In Python 3 str
is the type for unicode-enabled strings, while bytes
is the type for sequences of raw bytes.
type("f") == type(u"f") # True, <class 'str'>
type(b"f") # <class 'bytes'>
In Python 2 a casual string was a sequence of raw bytes by default and the unicode string was every string with "u" prefix.
type("f") == type(b"f") # True, <type 'str'>
type(u"f") # <type 'unicode'>
Unicode strings can be converted to bytes with .encode(encoding)
.
Python 3
>>> "£13.55".encode('utf8')
b'\xc2\xa313.55'
>>> "£13.55".encode('utf16')
b'\xff\xfe\xa3\x001\x003\x00.\x005\x005\x00'
Python 2
in py2 the default console encoding is sys.getdefaultencoding() == 'ascii'
and not utf-8
as in py3, therefore printing it as in the previous example is not directly possible.

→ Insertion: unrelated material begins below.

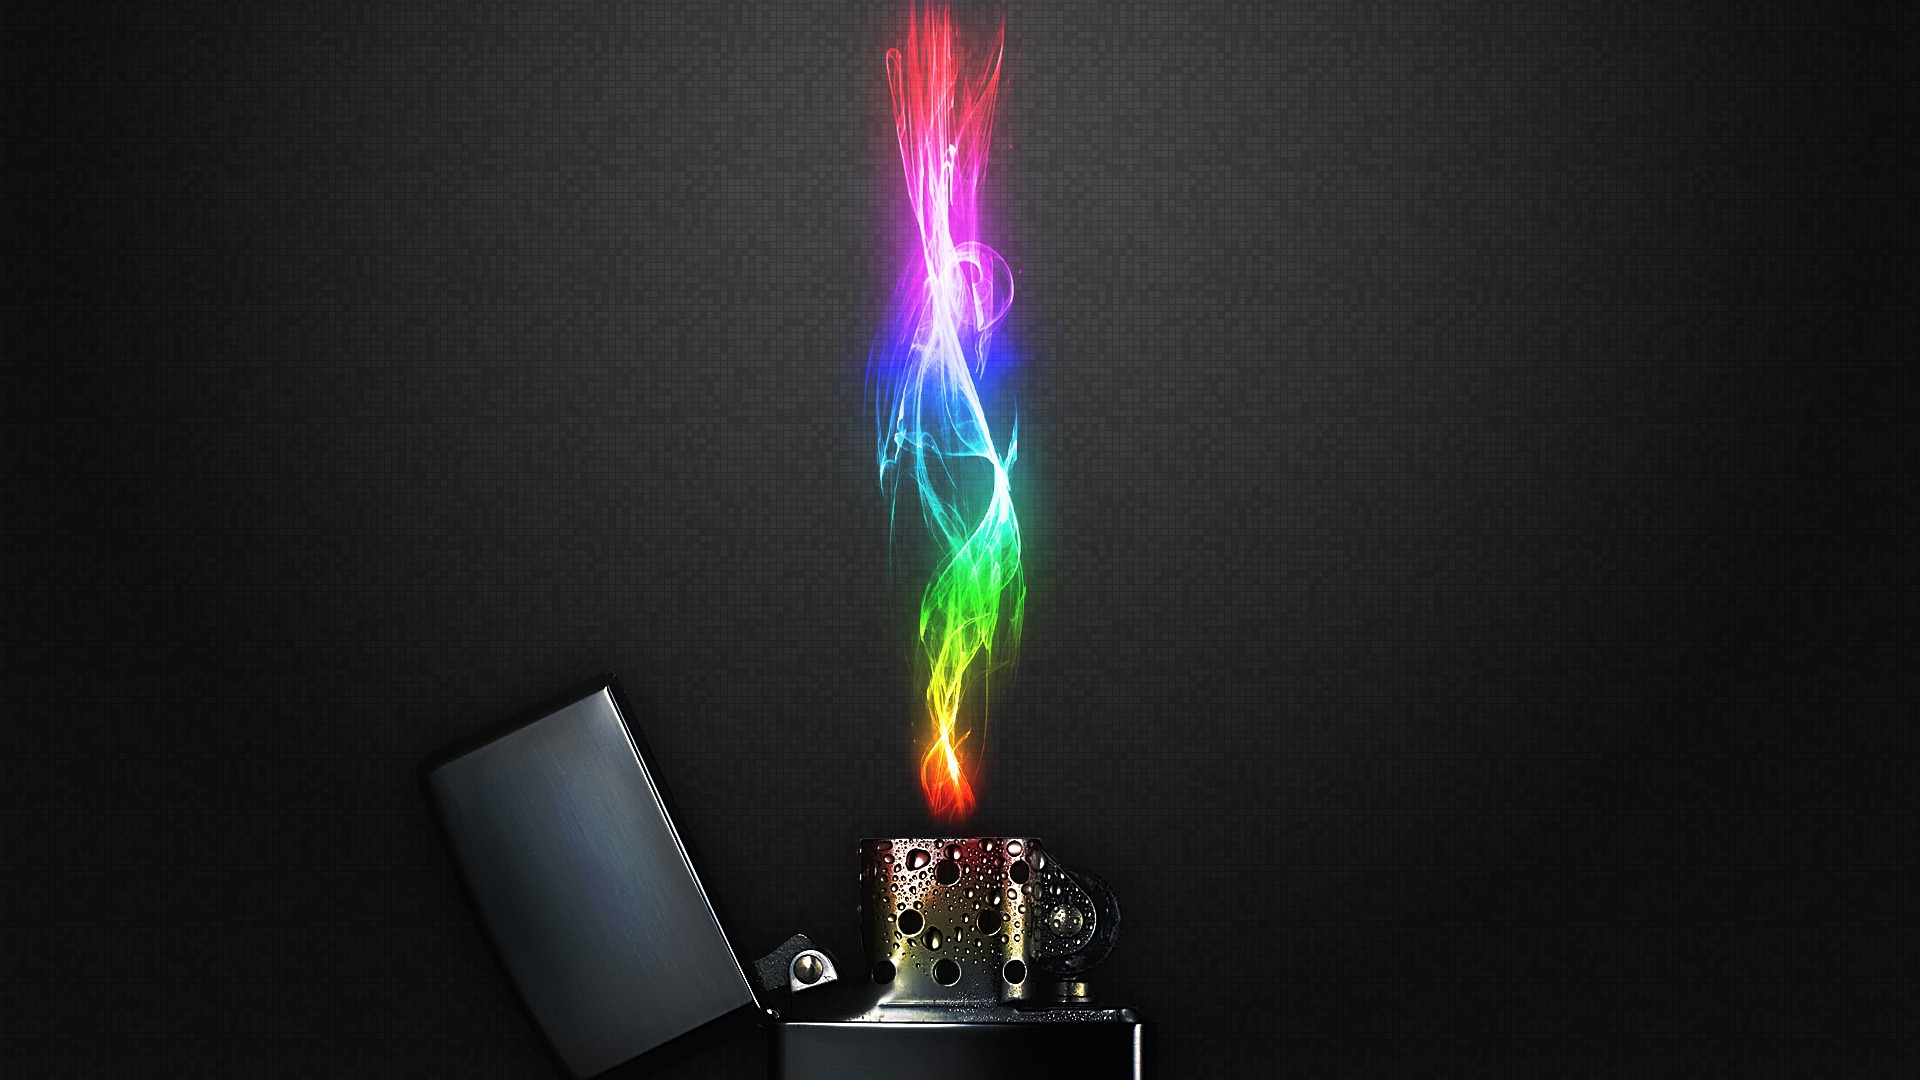 Rainbow Lighter for 1920 x 1080 HDTV 1080p resolution
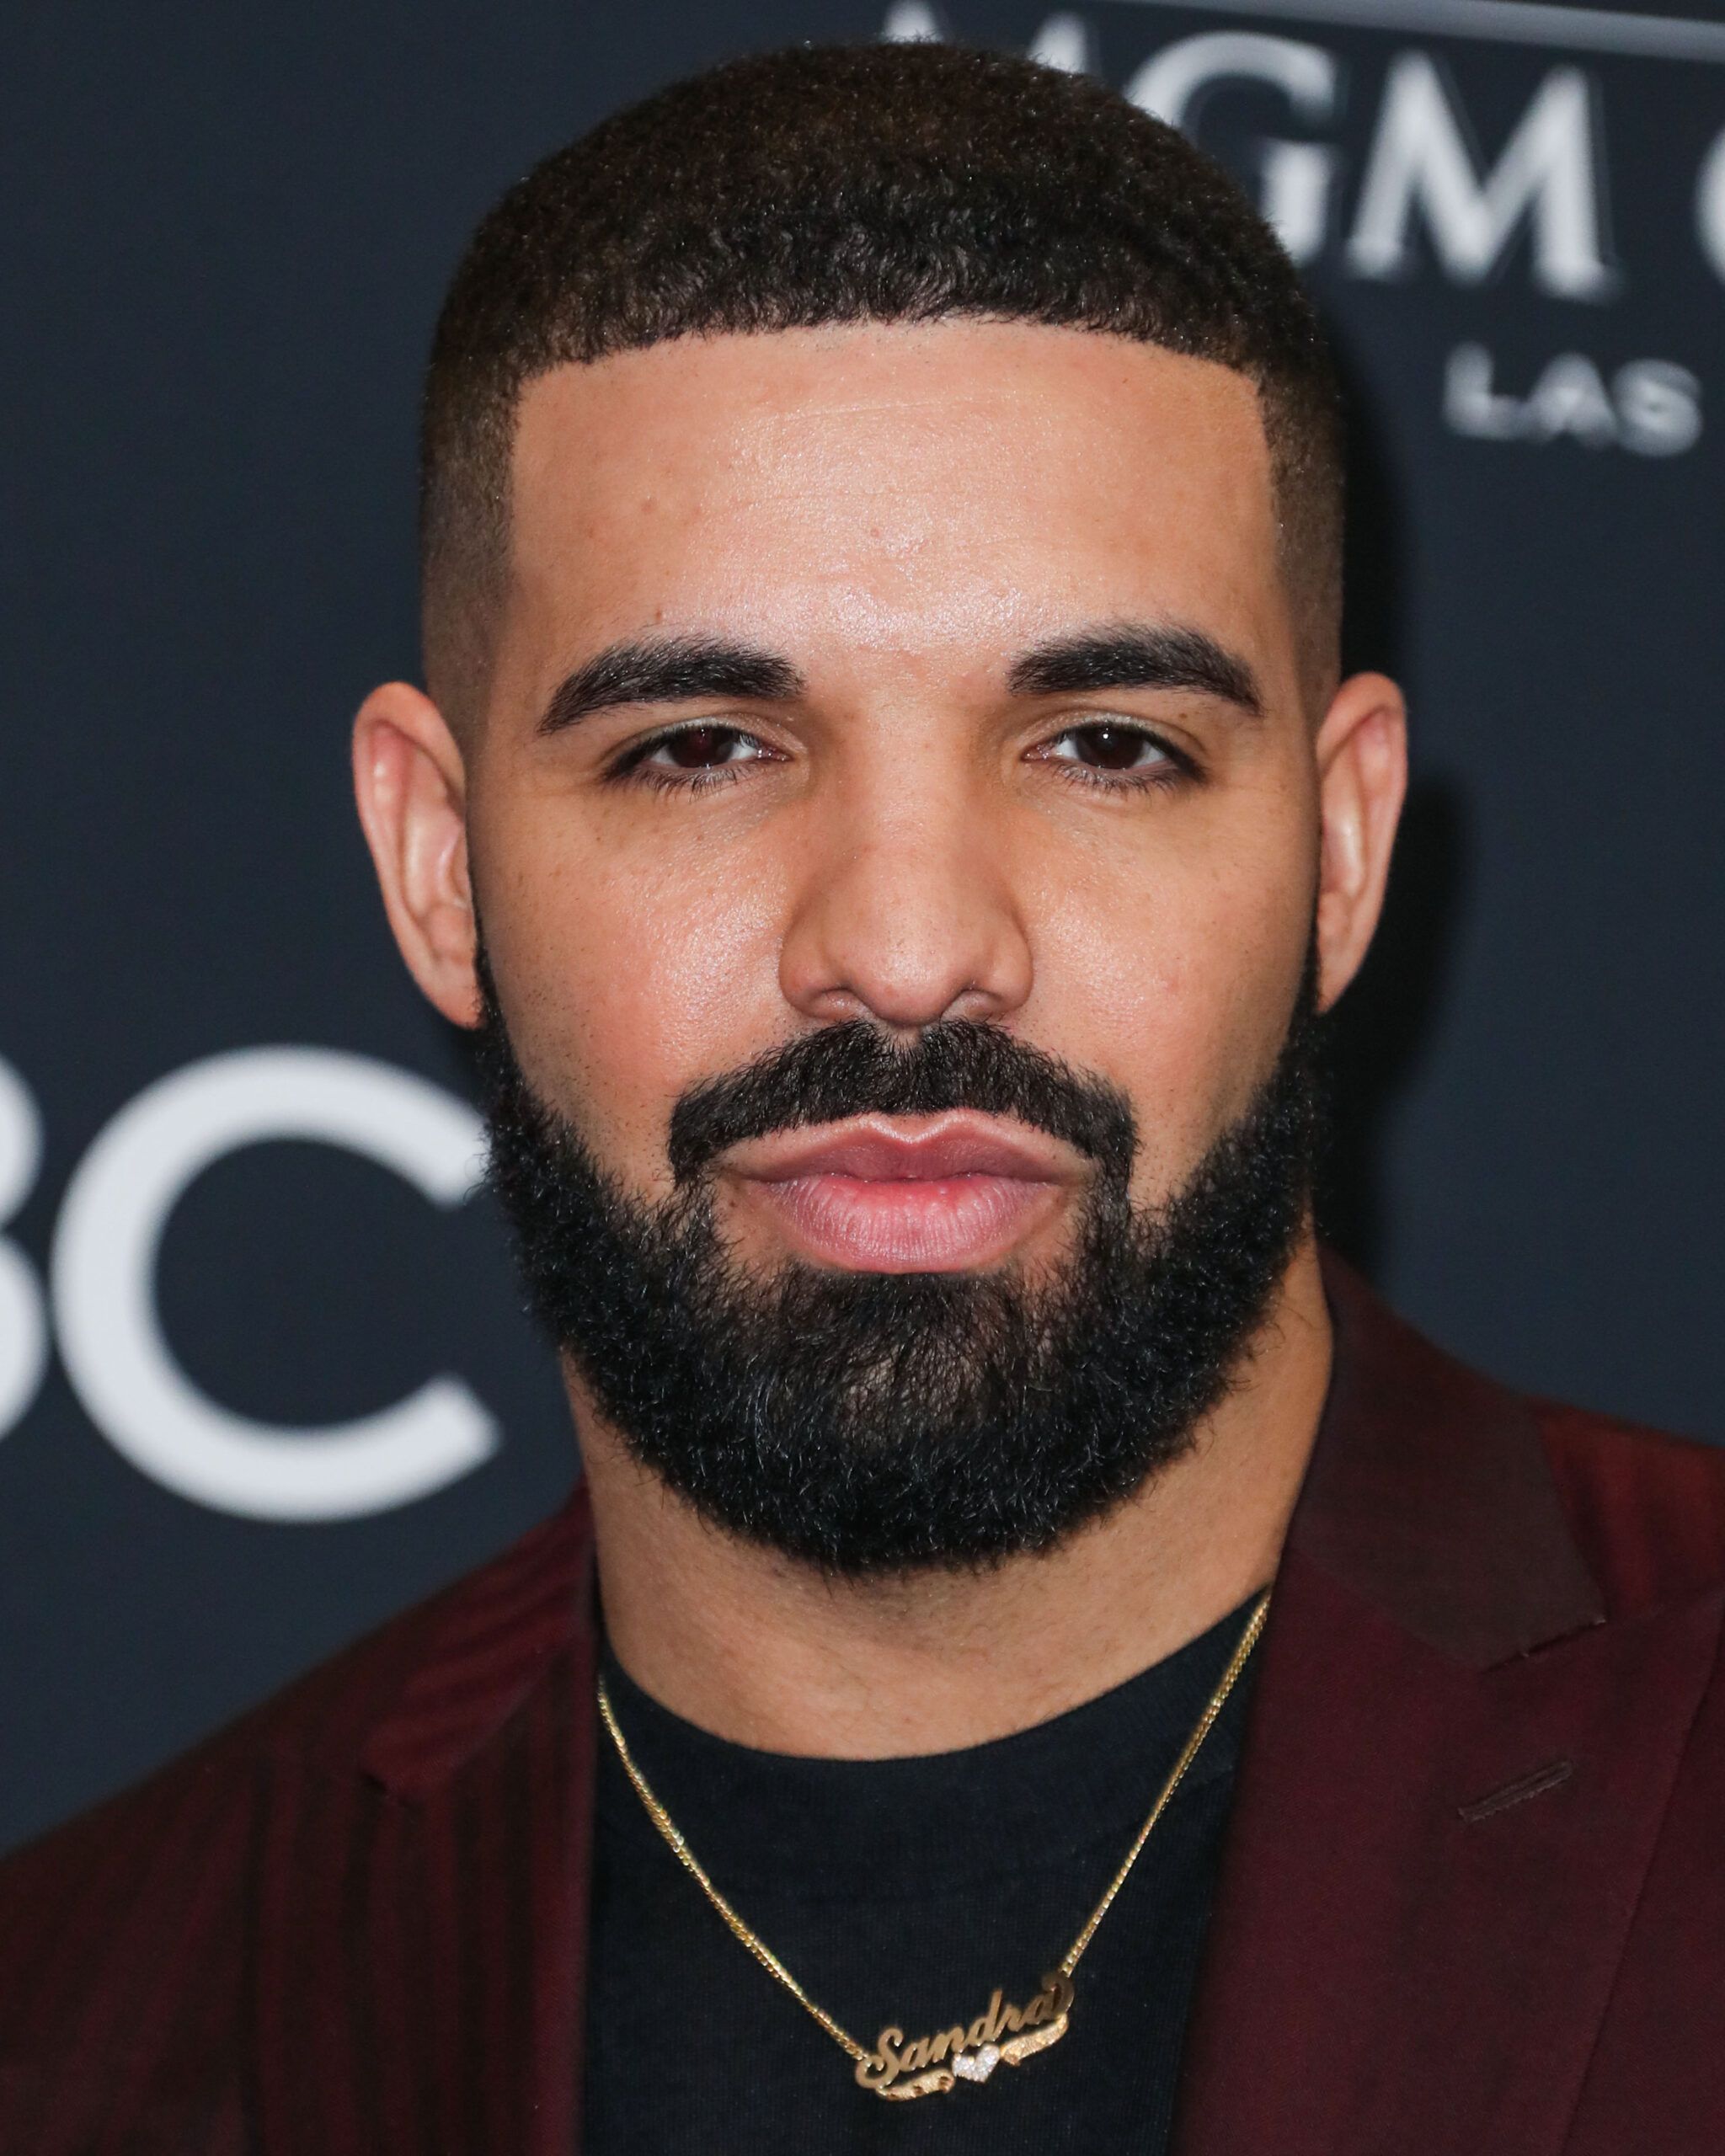 Drake Credits R Kelly As Co-Lyricist on 'Certified Lover Boy' Album

>>> print type(u"£13.55".encode('utf8'))
<type 'str'>
>>> print u"£13.55".encode('utf8')
SyntaxError: Non-ASCII character '\xc2' in...
# with encoding set inside a file
# -*- coding: utf-8 -*-
>>> print u"£13.55".encode('utf8')
£13.55
>>> "£13.55".encode('ascii')
Traceback (most recent call last):
File "<stdin>", line 1, in <module>
UnicodeEncodeError: 'ascii' codec can't encode character '\xa3' in position 0: ordinal not in range(128)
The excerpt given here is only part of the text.